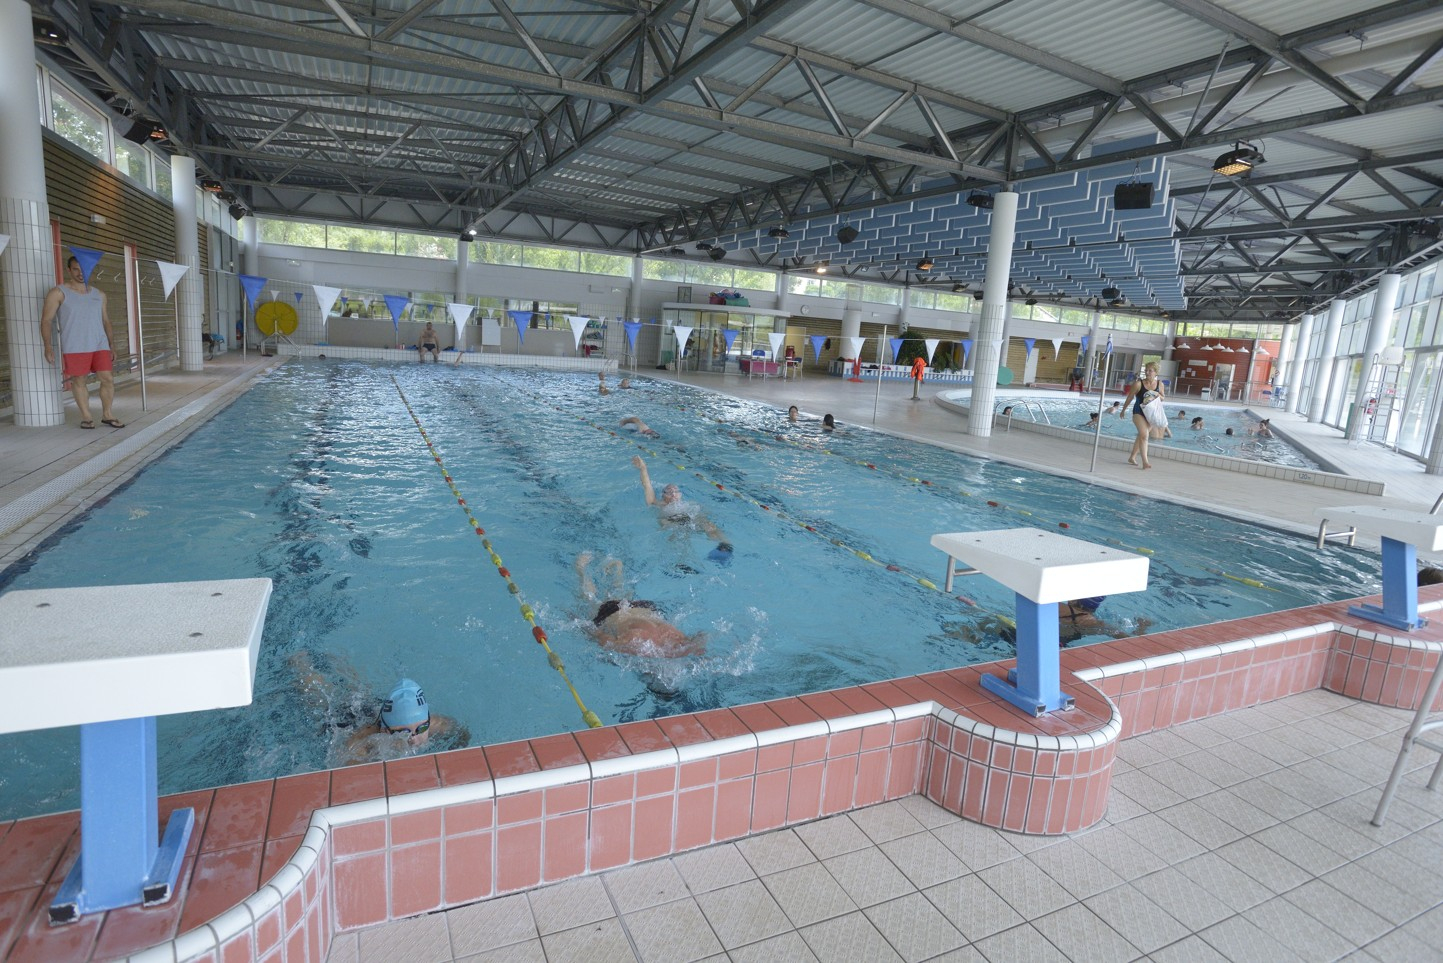 Centre Aquatique Bleu Rive dedans Piscine St Vallier
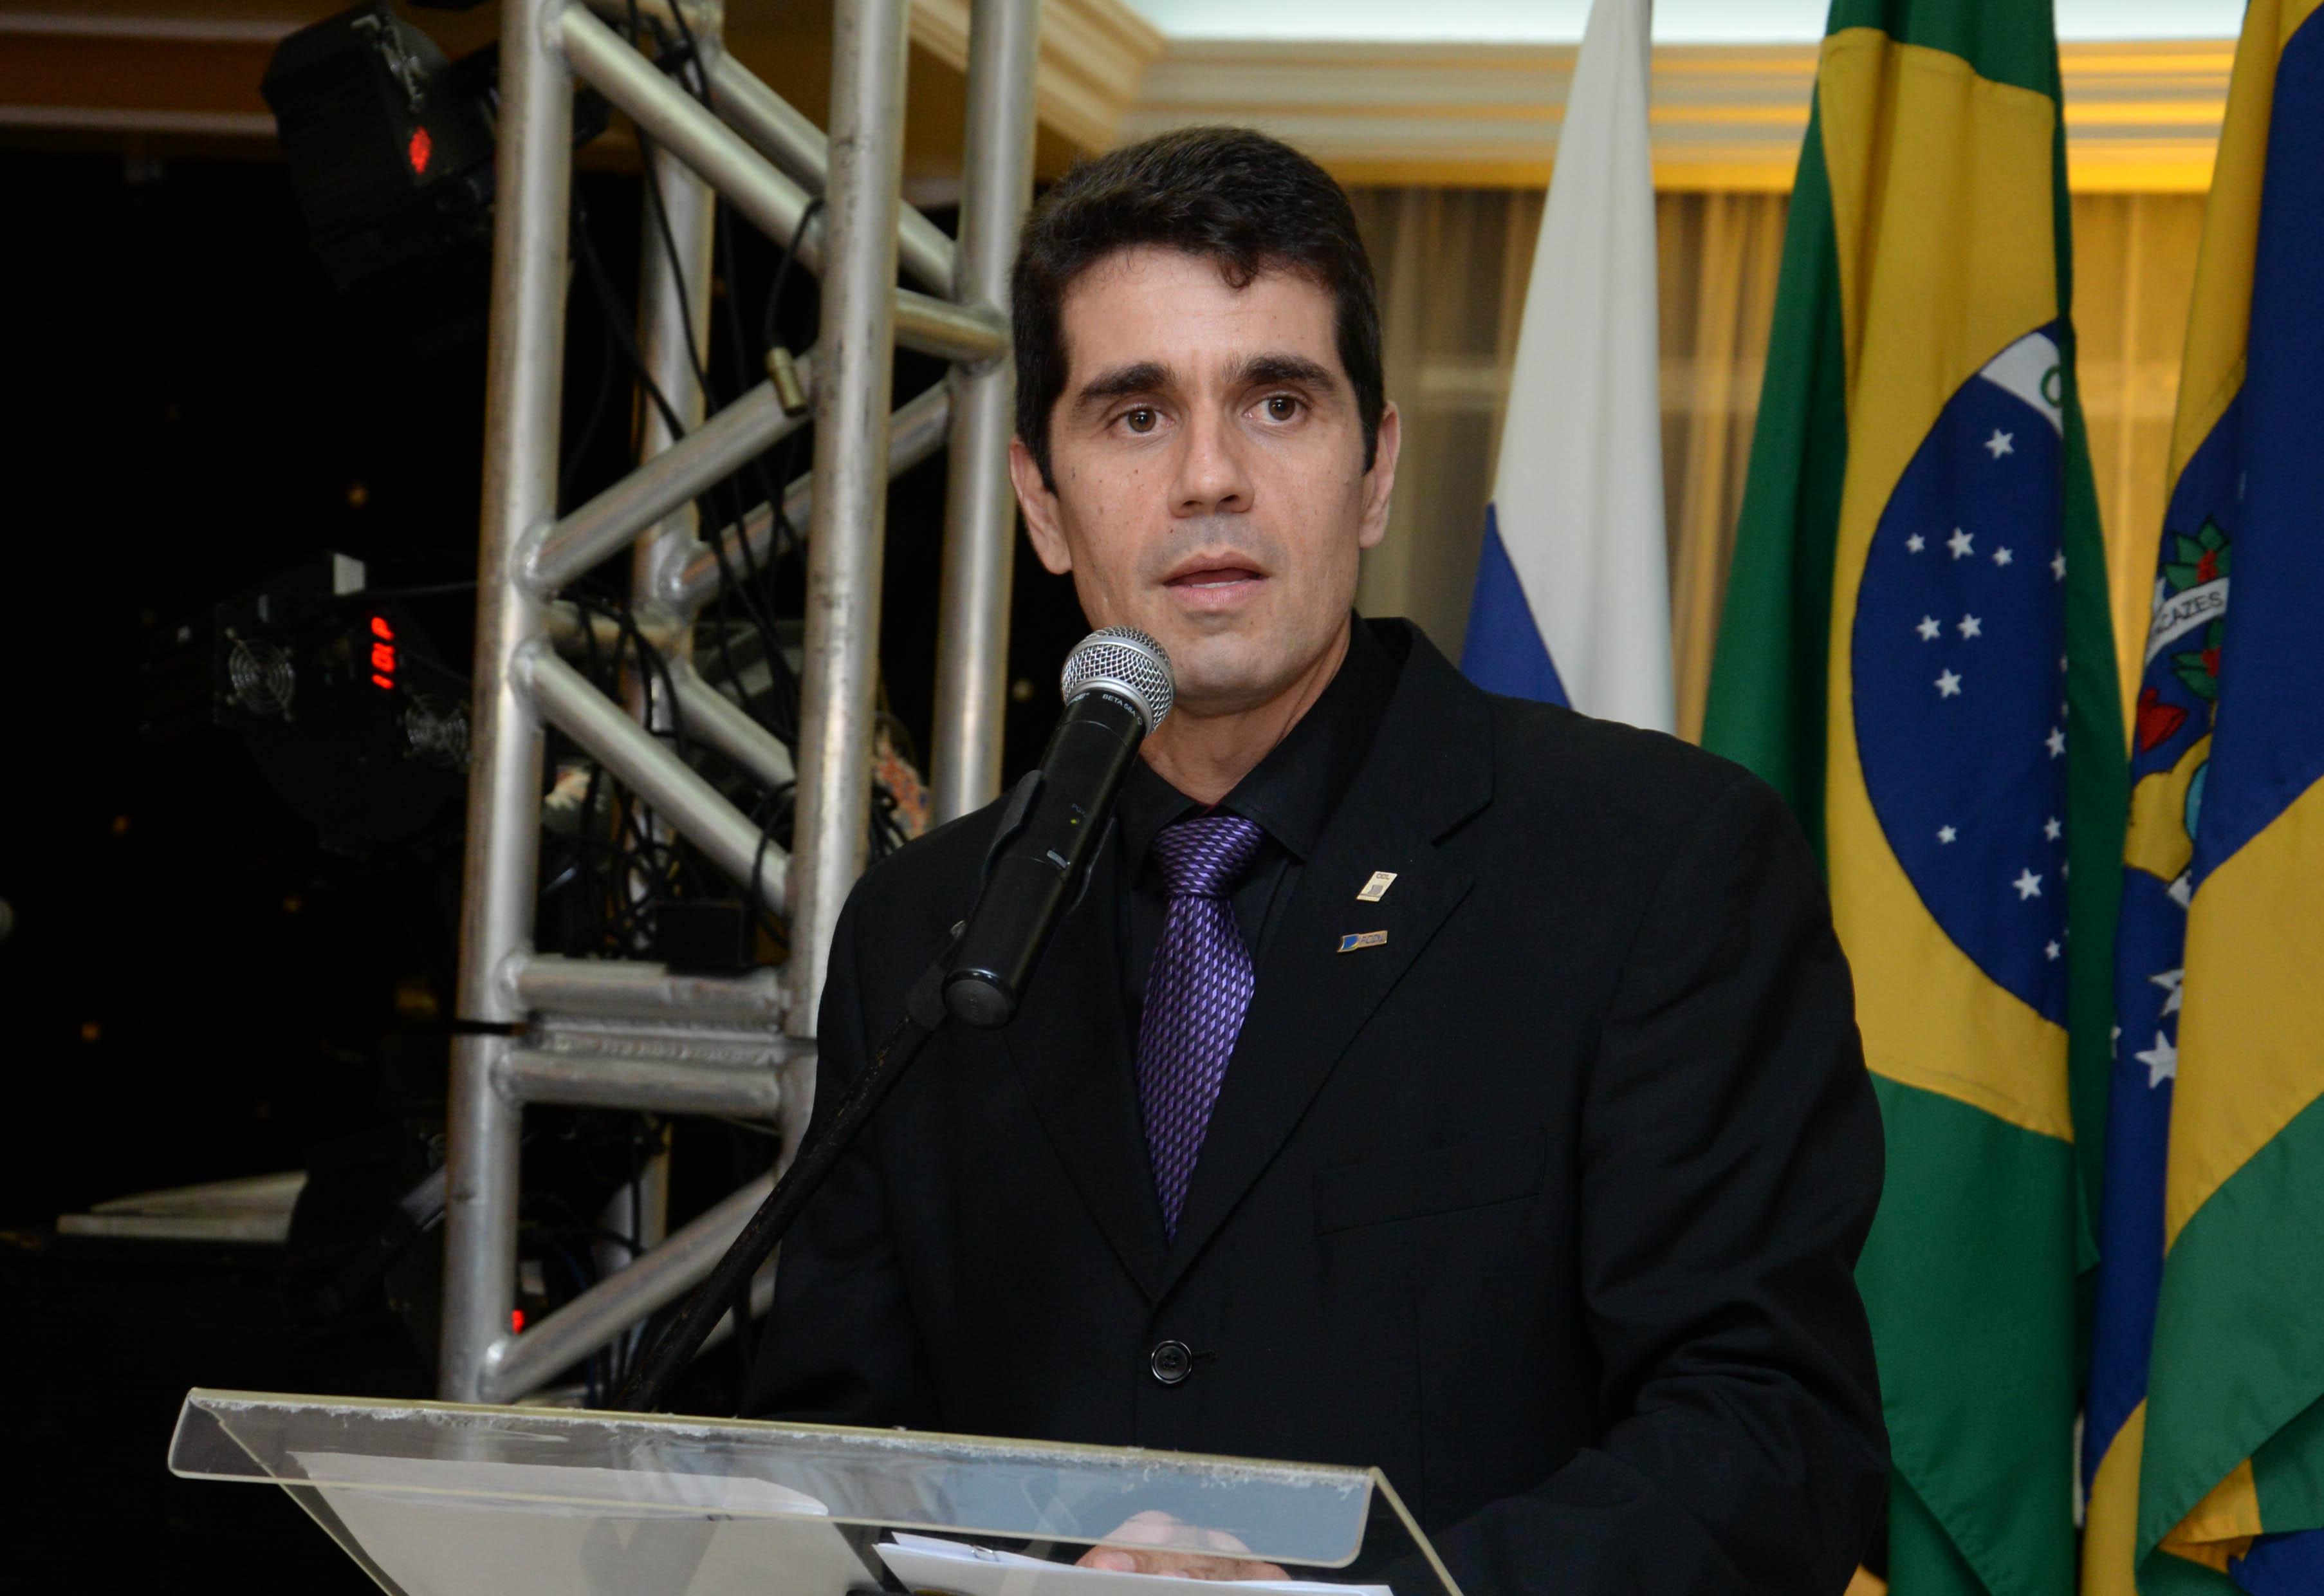 Mérida cotado para assumir o PSC de Campos
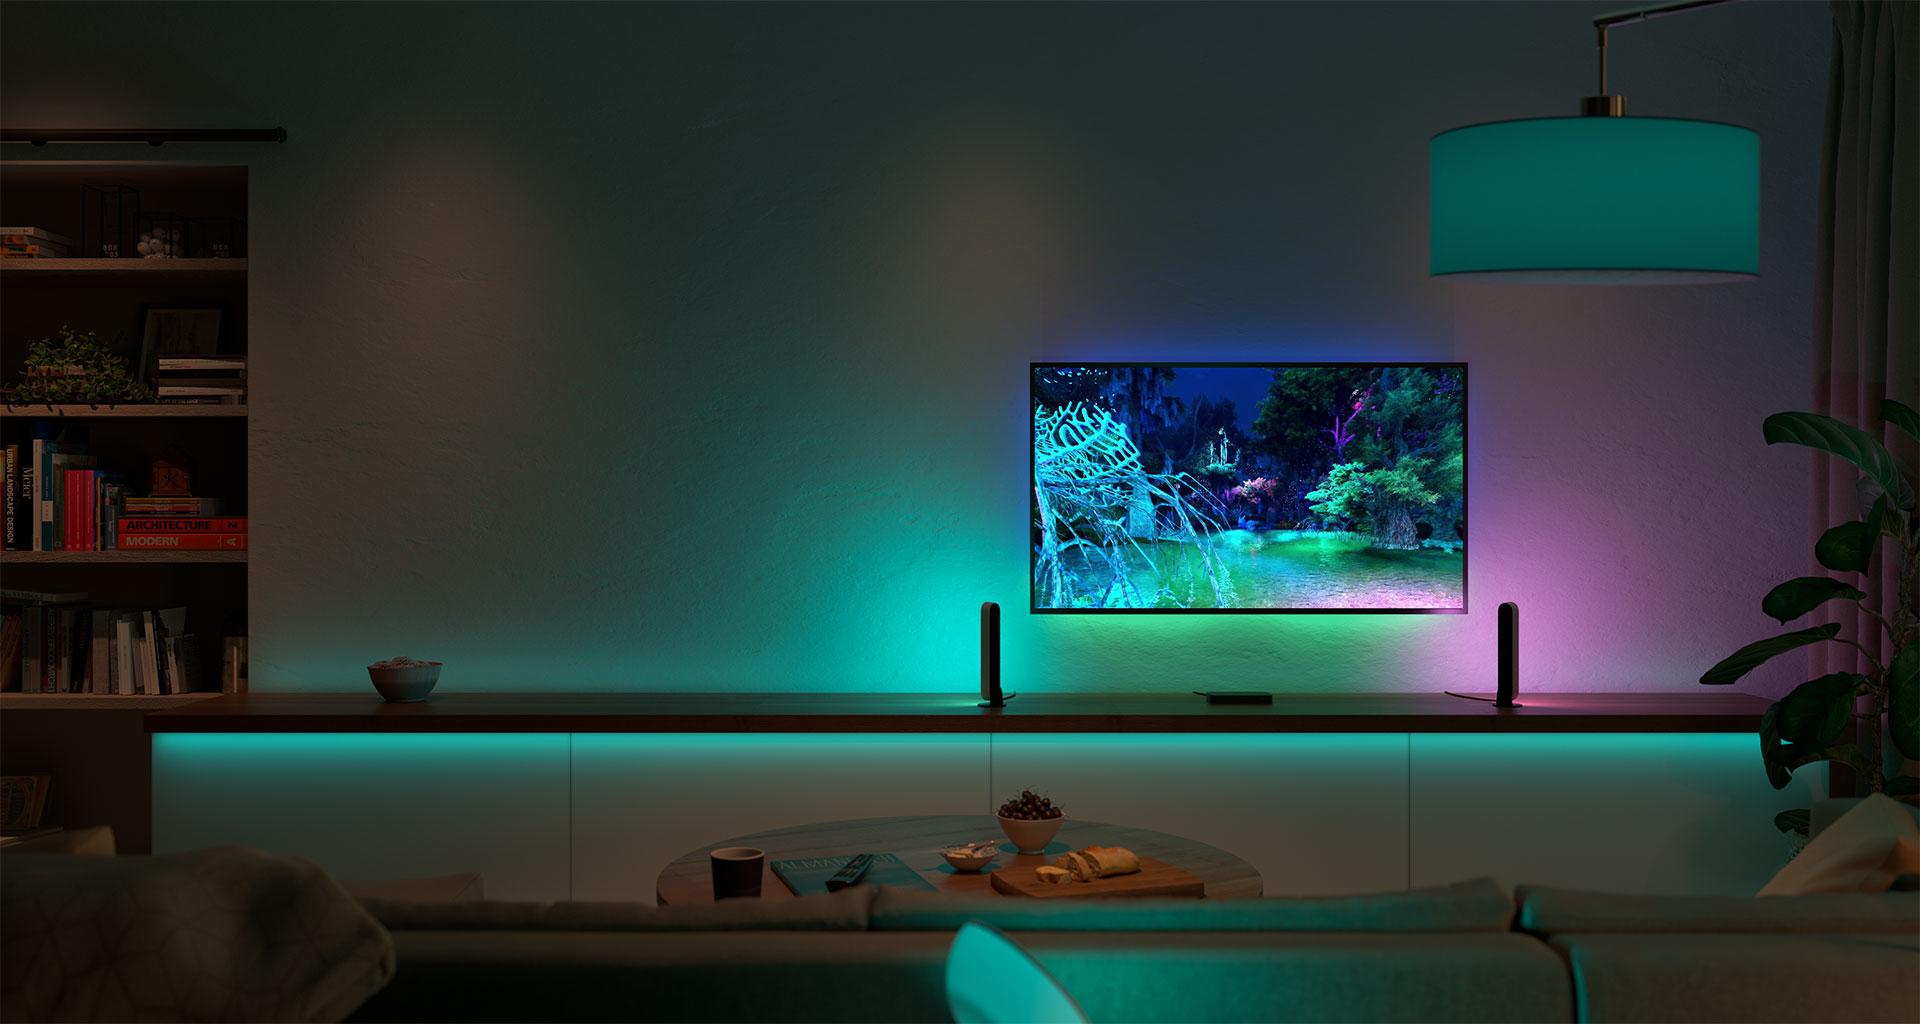 hue lampen hinzufügen zum entertainmentberreich

━━━

* [YOUR ASSIGNMENT]
Send back the listing exactly as it stands. Do not include the pictures.

* [RESULT OF THE EXERCISE]
 Centre Aquatique Bleu Rive dedans Piscine St Vallier
 Mérida cotado para assumir o PSC de Campos
 hue lampen hinzufügen zum entertainmentberreich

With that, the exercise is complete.